Fitting 1 folds for each of 250 candidates, totalling 250 fits
{'knn__n_neighbors': 32, 'pca__n_components': 13}
2160931.23390411


For this case, we can see that the optimal model uses the first 13 principal components and the number of neighbors k=32, which is twice the number used in the first method.

In constrast with the dimension obtained in the first method, using PCA we have significantly reduced it.

The result obtained is sligtly worse than the one without PCA. However, it is impresive considering that this model uses much less information.

## Extract names of attributes selected

In order to see which attributes seems to be more important for the imputation method we can get the scores for each one of them.

In [7]:
a=pipe1["select"]
columns_bool=a.get_support()
a.scores_

train_NA_train.columns[columns_bool].shape

col_importance=pd.DataFrame({"Columns":train_NA_train.columns[columns_bool],
                             "Scores":a.scores_[columns_bool]})

col_importance.sort_values(by="Scores",ascending=False)

Unnamed: 0,Columns,Scores
11,dswrf_s5_1,14430.933955
214,dswrf_s5_4,13735.971184
9,dswrf_s3_1,12958.454520
10,dswrf_s4_1,12878.727974
142,dswrf_s3_3,12809.606185
...,...,...
146,pres_ms4_3,262.235729
13,pwat_ea1_1,254.199299
145,pres_ms3_3,250.117787
68,apcp_sf2_2,249.846276


As we can see in the output, the first columns with higher scores are the ones corresponding to the Downward surface shortwave Flux, refers to the radioactive energy in the wavelength interval 0.3 $\mu m$, 4.0 $\mu m$.

In contrast the lower scores are given to variables like pwat and apcp, which stands for the  amount of water potentially available in the atmosphere for precipitation and 3-hour accumulated precipitation respectively.

## Evaluate best model

Using the scores obtained on the validation data for the PCA model and the one using SelectKBest, we got that the best one was the SelectKBest.

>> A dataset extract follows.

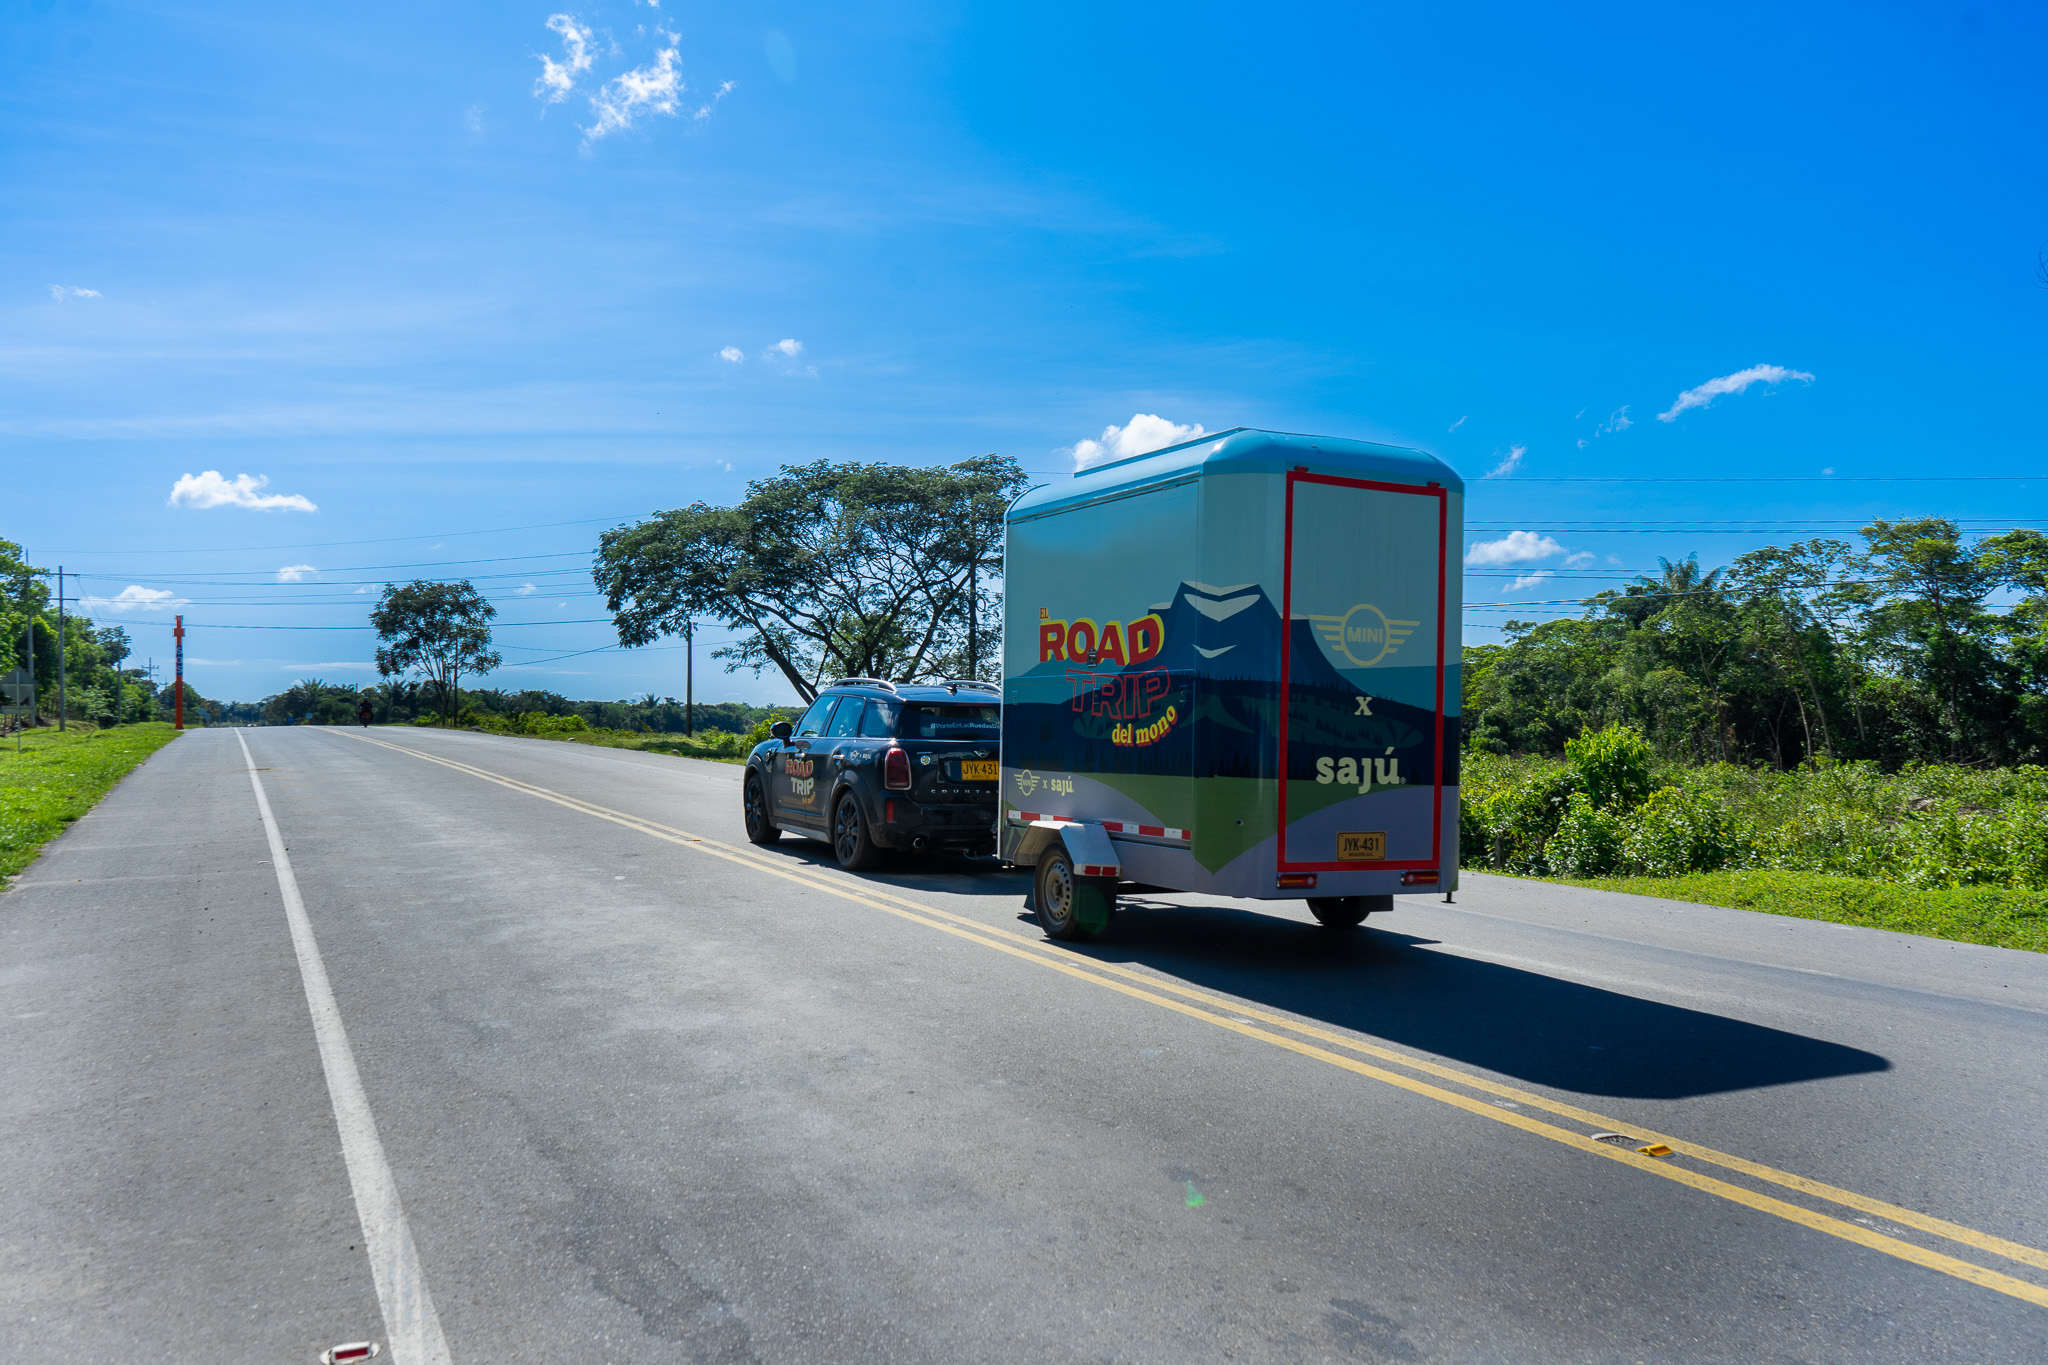 Roadtrip del Mono 3.0 llega al caribe

Eventhough the difference was not very large, the imputation with the optimal number of column gave better results than the PCA one also optimized. 

In [8]:
model1=grid_tunning.predict(test_NA_test)
print(metrics.mean_absolute_error(model1,test_target))

2161832.374829468


The best result obtained in the previous task was 2312173. We used the knn method optimazed with k=7 which was the higher value in the interval given to do the hyperparameter tunning. 

In this scenario we can see that we have obtained better results using another knn model, in this case with k=16 and selecting only the most important features of the data. 

From a logic point of view, the error obtained in this model should be higher than the one used in the first task due to the information lost while for using the selectKbest() function. Nevertheless, as it can bee seen, this  is not the case and we have obtained better results using this model.

The fact that this method behavies better could be given by the fact that we are now only using k=16 for the knn algorithm or that the columns from the dataset that we are not considering in the model give information that penalizes the model instead of helping them to get better predictions.